Los nuevos análisis muestran que, por la geofísica de la Antártida y a diferencia de lo que ocurre en el norte, las corrientes y los vientos empujan al hielo más viejo, compacto y resistente lejos de la costa. De esta forma, crean una especie de capa protectora que permite al hielo más joven desarrollarse lejos de las zonas más cálidas del océano. Por eso, la extensión del hielo es mucho más estable: esta capa de hielo viejo (de entre 100 y 1000 kilómetros) aísla y protege al hielo más joven del calentamiento global.

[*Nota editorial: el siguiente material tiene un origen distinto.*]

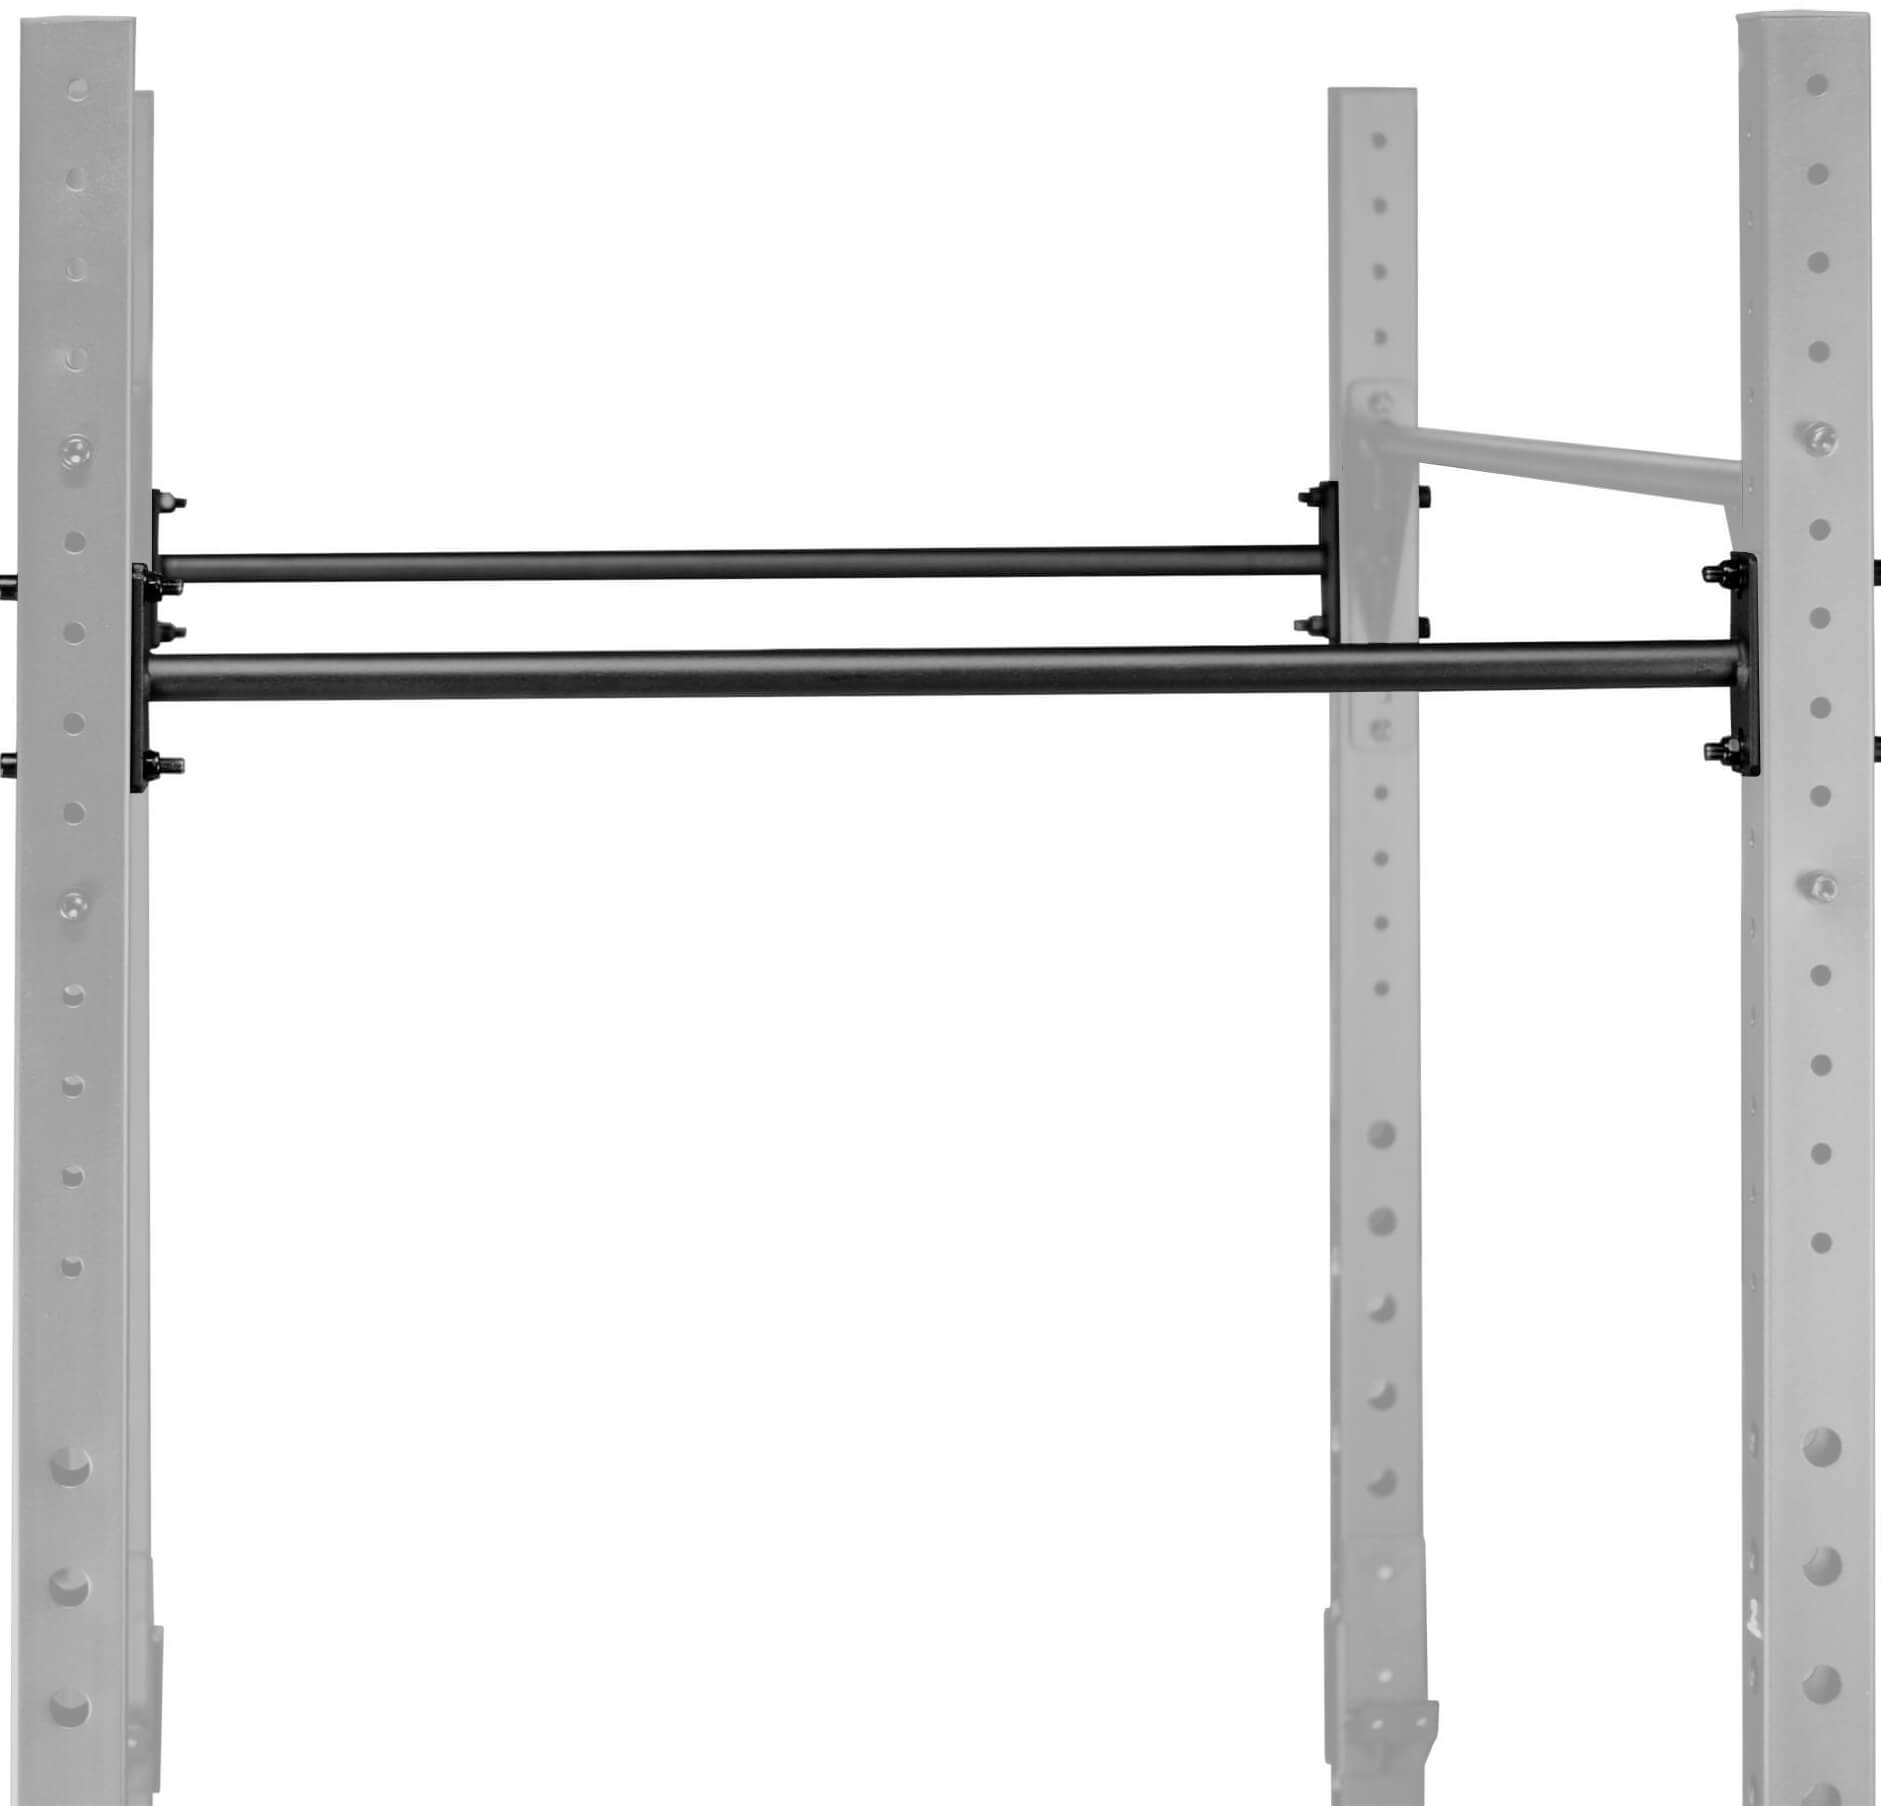 SQMIZE® Pull-Up Bar MR-M4 FV, 108 cm, Outdoor
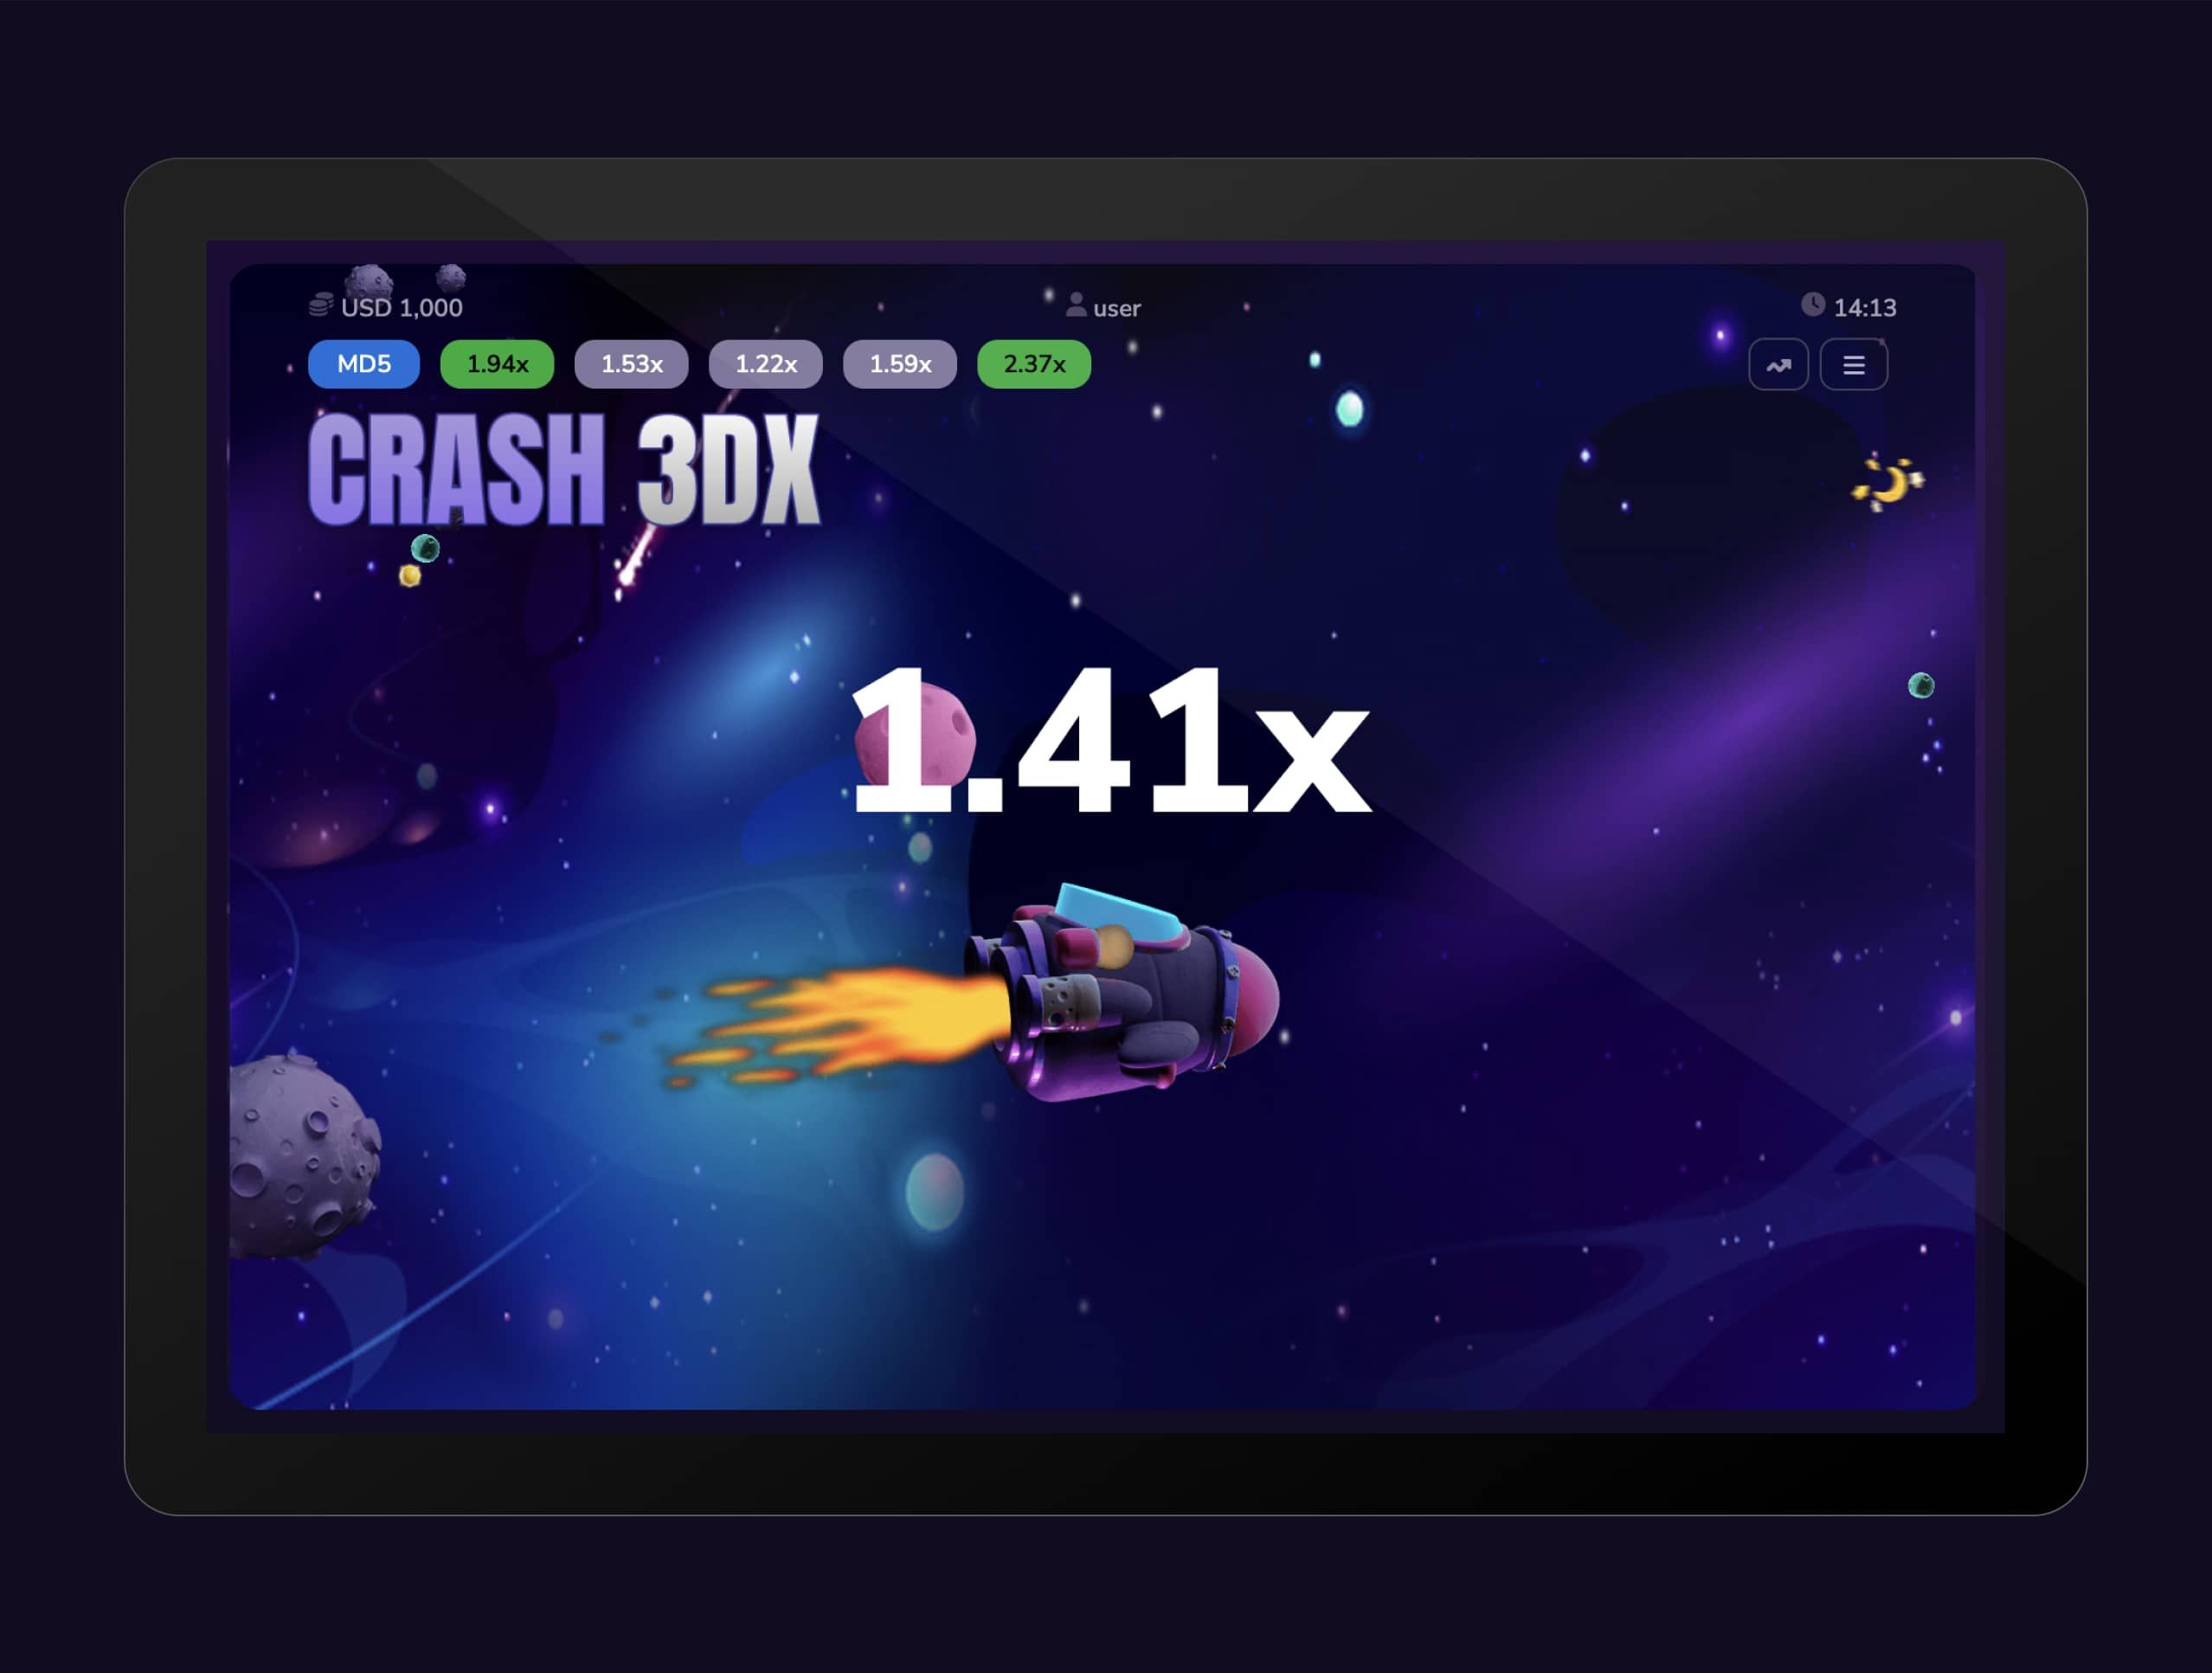 Crash 3DX - Overview Gameplay Image

De esta forma, y de confirmarse, acabamos de descubrir uno de los mayores misterios del Polo Sur. Pero no se preocupen, aun quedan muchos por resolver.





LA ANTÁRTIDA



La Antártida o Antártica, considerada como «el último desafío», es probablemente el lugar más remoto del planeta y uno de los destinos turísticos más extraños pero más fascinantes que existen. Este continente, ubicado al sur de la latitud 60° S y que rodea por completo el Polo Sur, es una tierra de extremos: es el continente más seco y frío de la Tierra, además de tener la altitud promedio más alta.
Casi sin intervención humana, las tierras congeladas antárticas entregan escenarios que detienen la respiración de los pocos científicos y turistas que logran conocerla. No más de un millar de personas habitan en la Antártida en bases de investigación, pero el continente disfruta de grandes colonias de animales que pueblan sus parajes. Llegar a la Antártida es una aventura en sí misma, cruzando las fieras aguas que la separan del resto de la humanidad y que explican su existencia como un continente virgen
La Antártida es el cuarto continente más grande, después de Asia, América y África, con 14 000 000 km². Su forma es aproximadamente circular y se ubica casi completamente al sur del Círculo Polar Antártico. Su extremo norte en la Península Antártica se encuentra a sólo 1000 km de Sudamérica, mientras que las distancias de las costas más cercanas respecto a África son de 3800 km, de Tasmania2530 km y de Nueva Zelanda 2200 km.

Se divide usualmente en Antártida Occidental o Menor, más pequeña, y Antártida Oriental o Mayor, el resto del continente. Ambas zonas están cubiertas por una densa capa de hielo que se presume puede haber erosionado al continente de tal forma que la tierra se encuentro por debajo del nivel del mar. Entre las dos zonas se encuentran los llamados Montes Transantárticos y en la zona occidental se encuentran otras zonas montañosas como los Montes Ellsworth (donde se encuentra el monte Vinson, el más alto del continente) y los Antartandes, una continuación austral de los Andes y que permite la formación de la Península Antártica (llamada Tierra de San Martín o Tierra de O'Higgins por argentinos y chilenos, respectivamente). En la zona oriental se encuentra una gran planicie en altitud (casi totalmente sobre los 2000 msnm) conocida como Meseta Polar, y en donde se encuentra el Polo Sur y el Polo de Inaccesibilidad.
Aunque no existen ríos y sólo algunos arroyos son visibles durante el verano en la Península, se han descubiertos diversos cauces congelados como gigantescos glaciares (los más grandes de la Tierra), los que discurren casi radialmente desde el centro del continente hacia las costas en donde estos glaciares o forman barreras de hielo y icebergs. Bajo la cubierta de "hielos eternos" se han encontrado varios lagos subglaciales como el Vostok.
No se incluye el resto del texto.